Given data |
—————
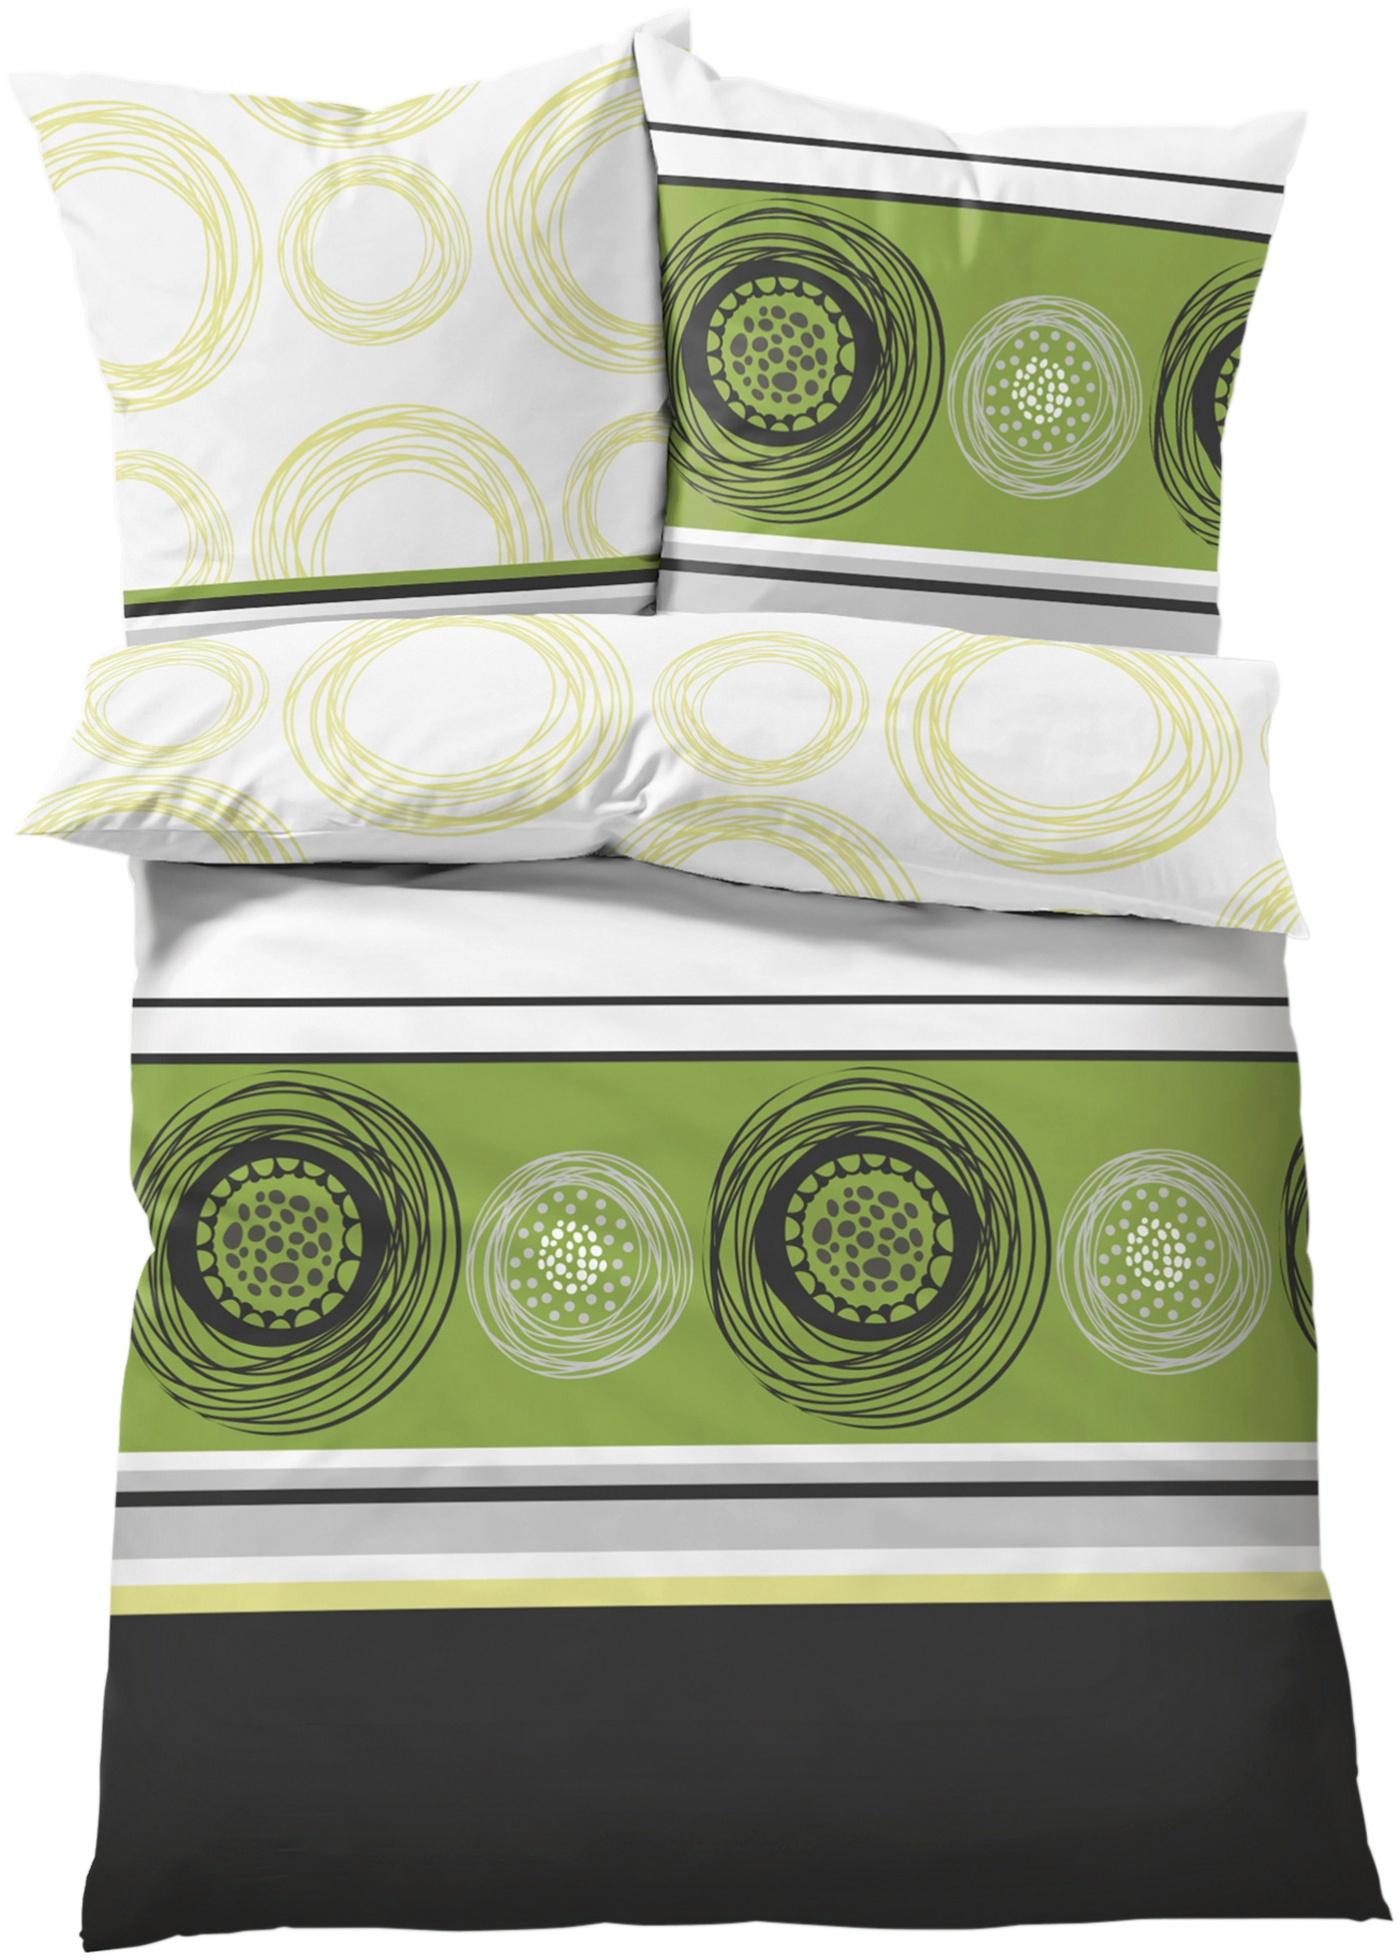 Magnifique parure de lit imprimée à motif moderne combinant rayures et cercles géométriques. Effet chic. Différentes qualités de coton au choix. Disponible en parure 2 ou 4 pces. et en taille supérieure XXL.
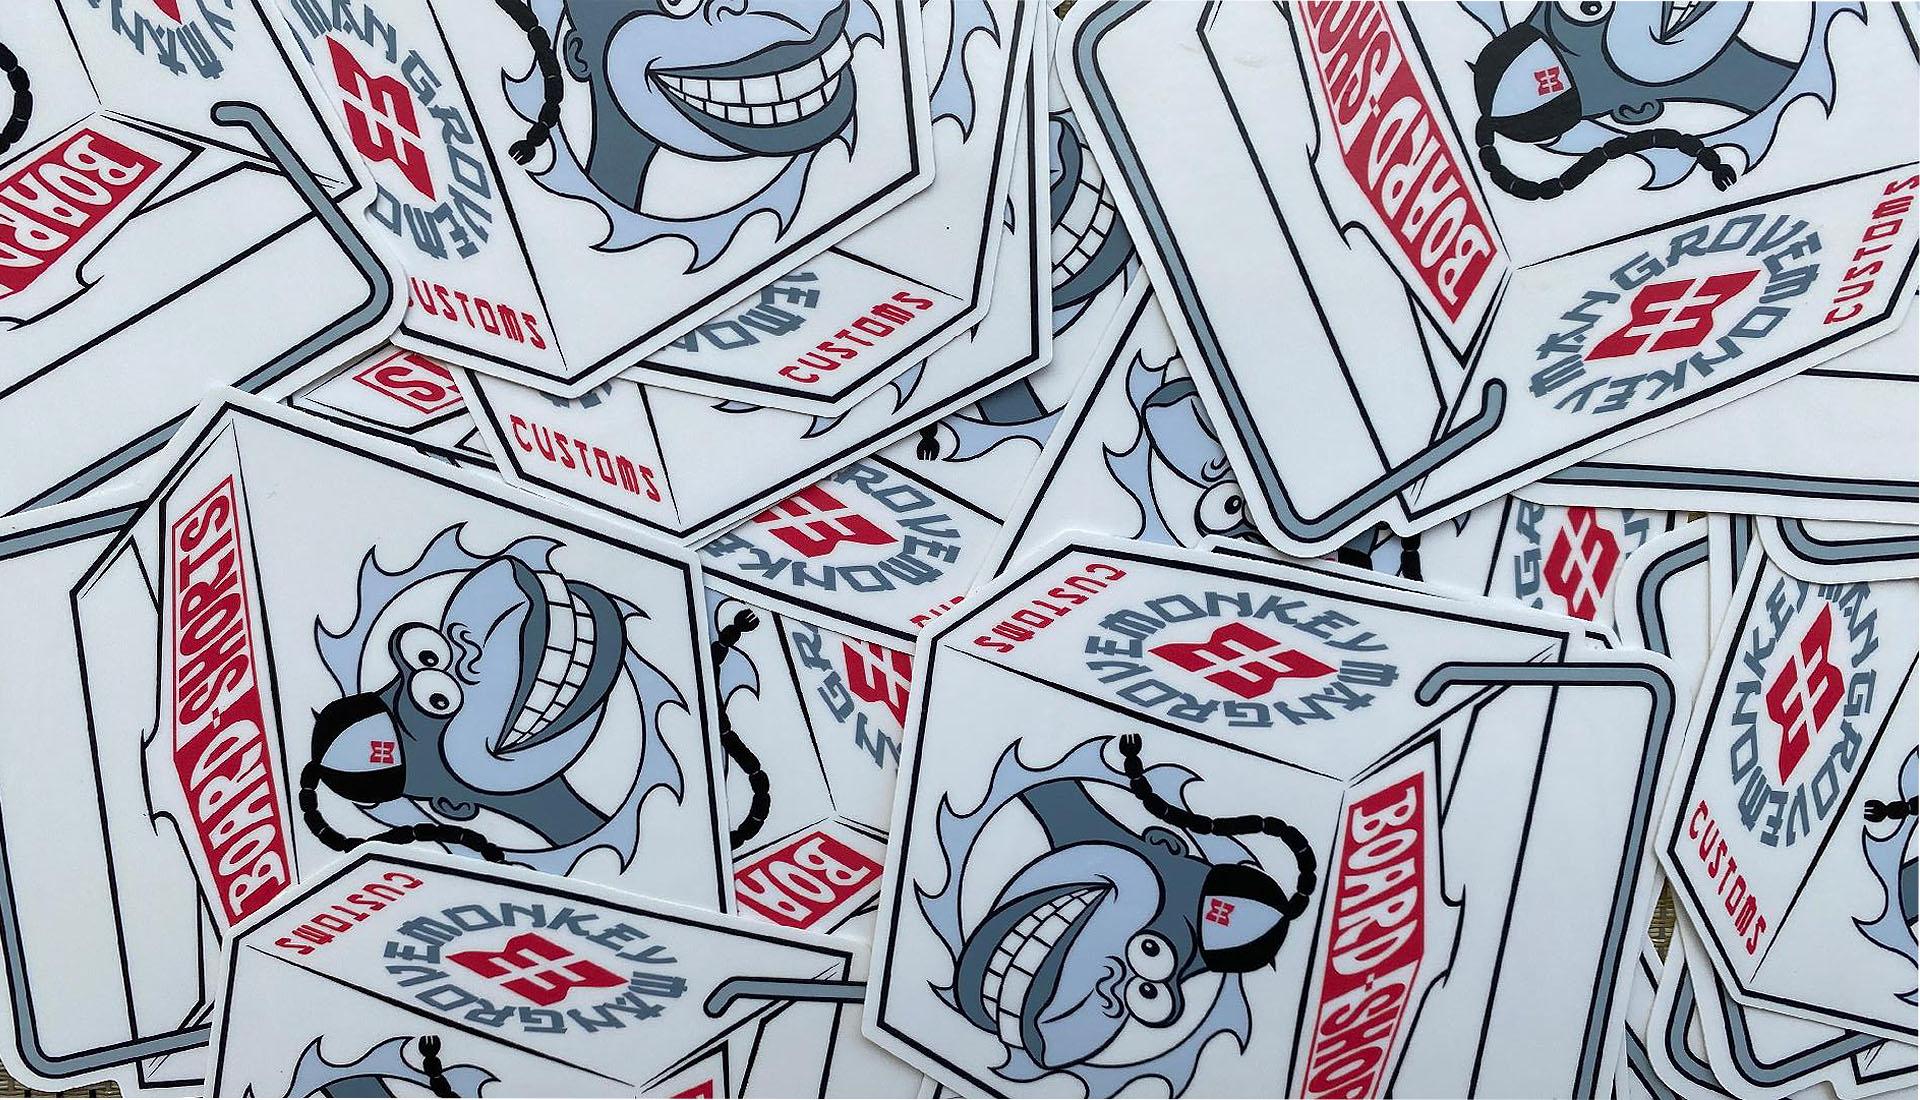 Take Out Box Sticker
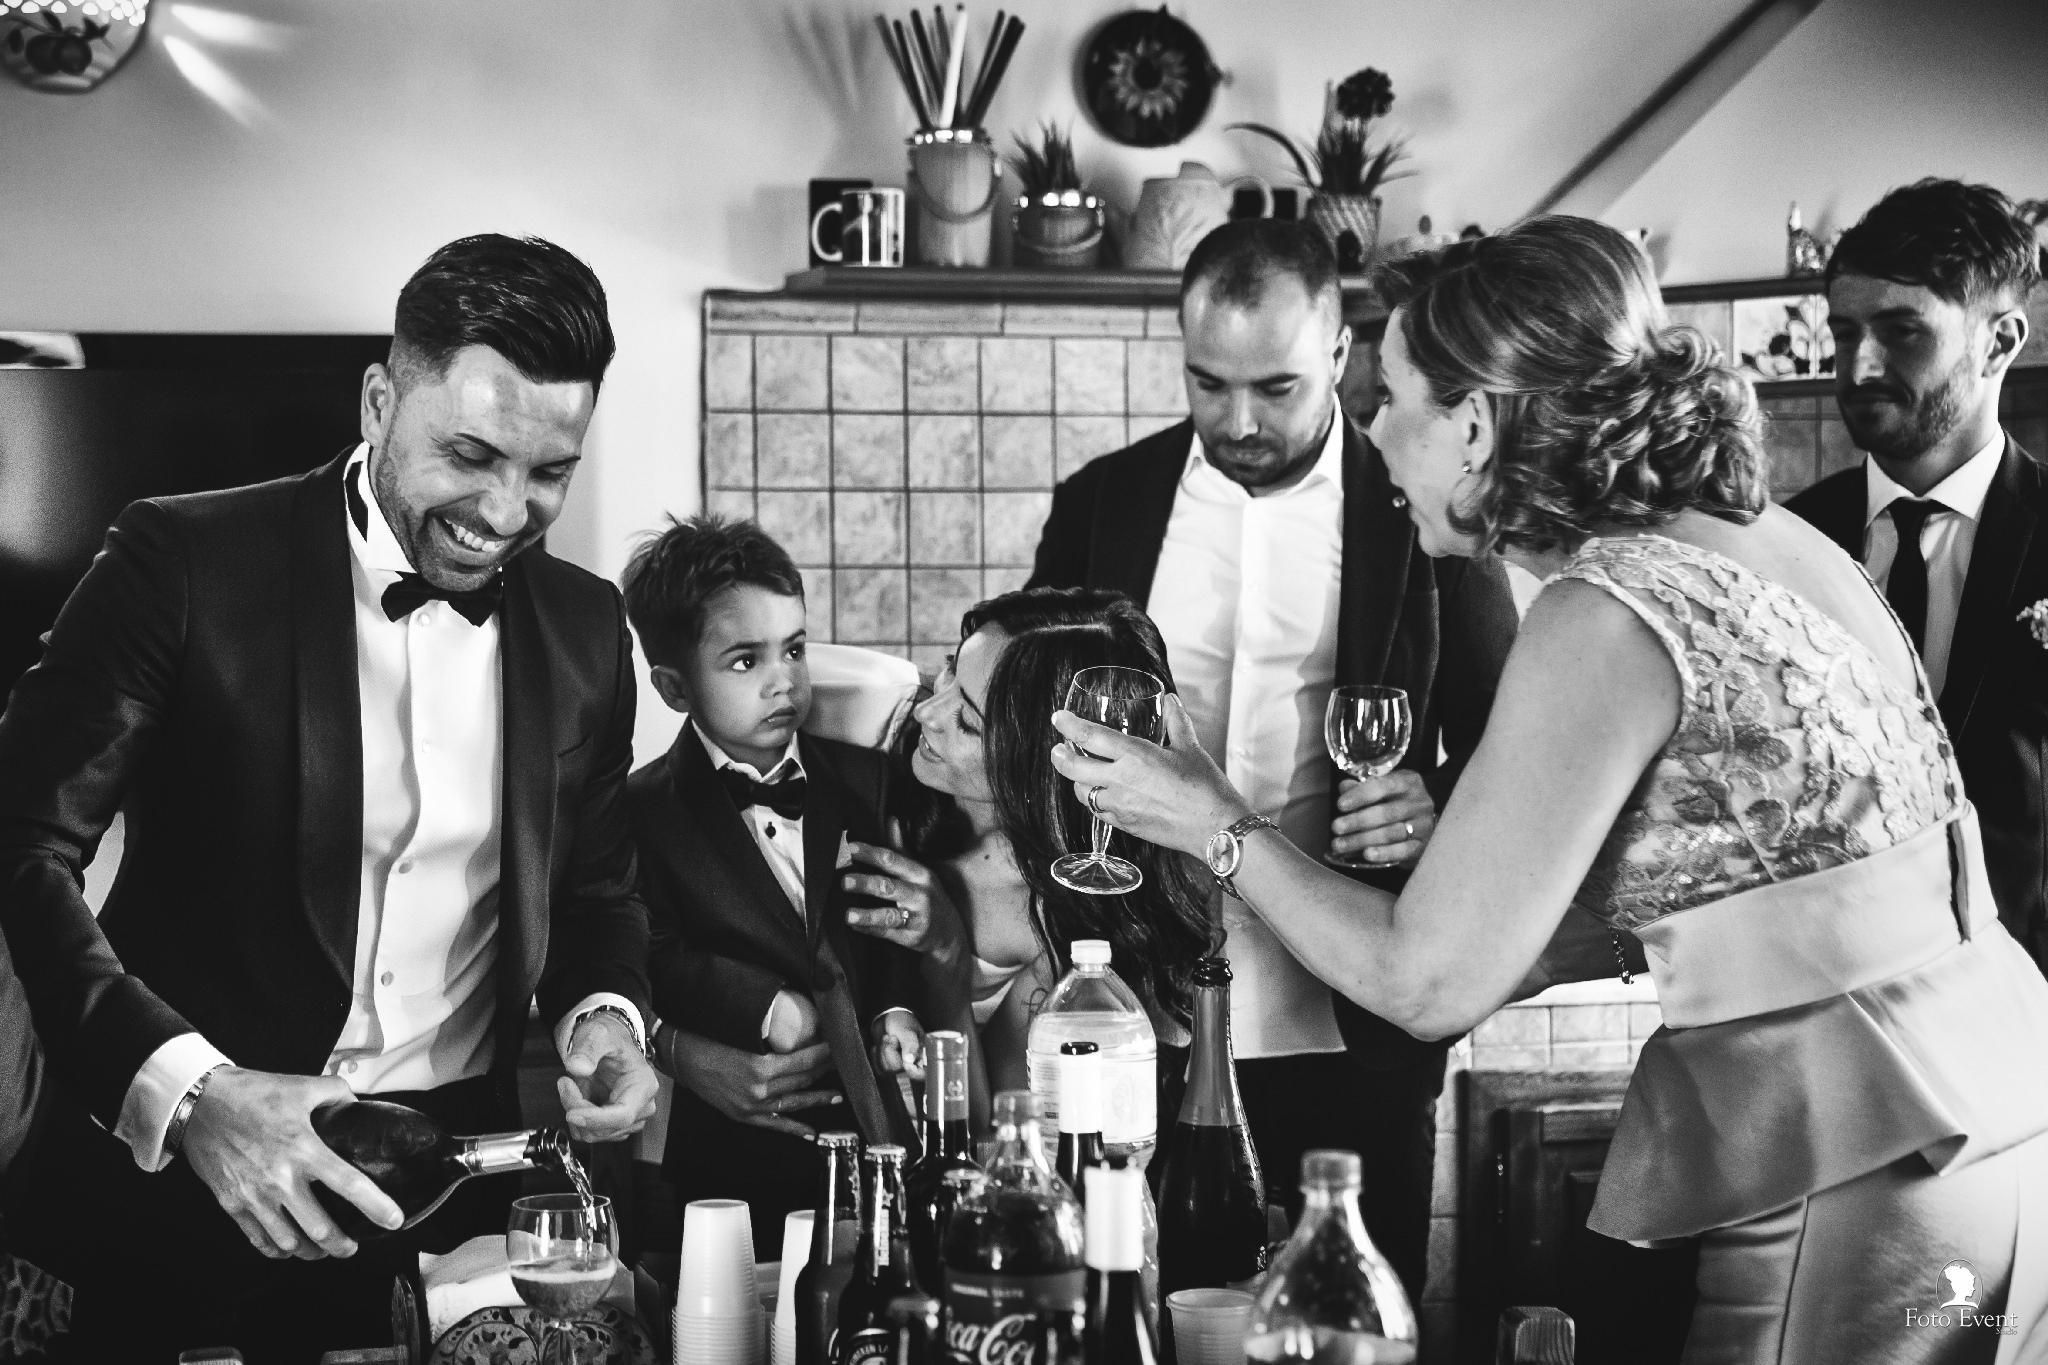 093-2019-05-09-Matrimonio-Maria-Concetta-e-Daniel-Gebbia-5DE-243-Edit
—————
Goal of the exercise | The listing must be returned in full and exactly, apart from its pictures.

Result of this exercise |
 Magnifique parure de lit imprimée à motif moderne combinant rayures et cercles géométriques. Effet chic. Différentes qualités de coton au choix. Disponible en parure 2 ou 4 pces. et en taille supérieure XXL.
 Take Out Box Sticker
 093-2019-05-09-Matrimonio-Maria-Concetta-e-Daniel-Gebbia-5DE-243-Edit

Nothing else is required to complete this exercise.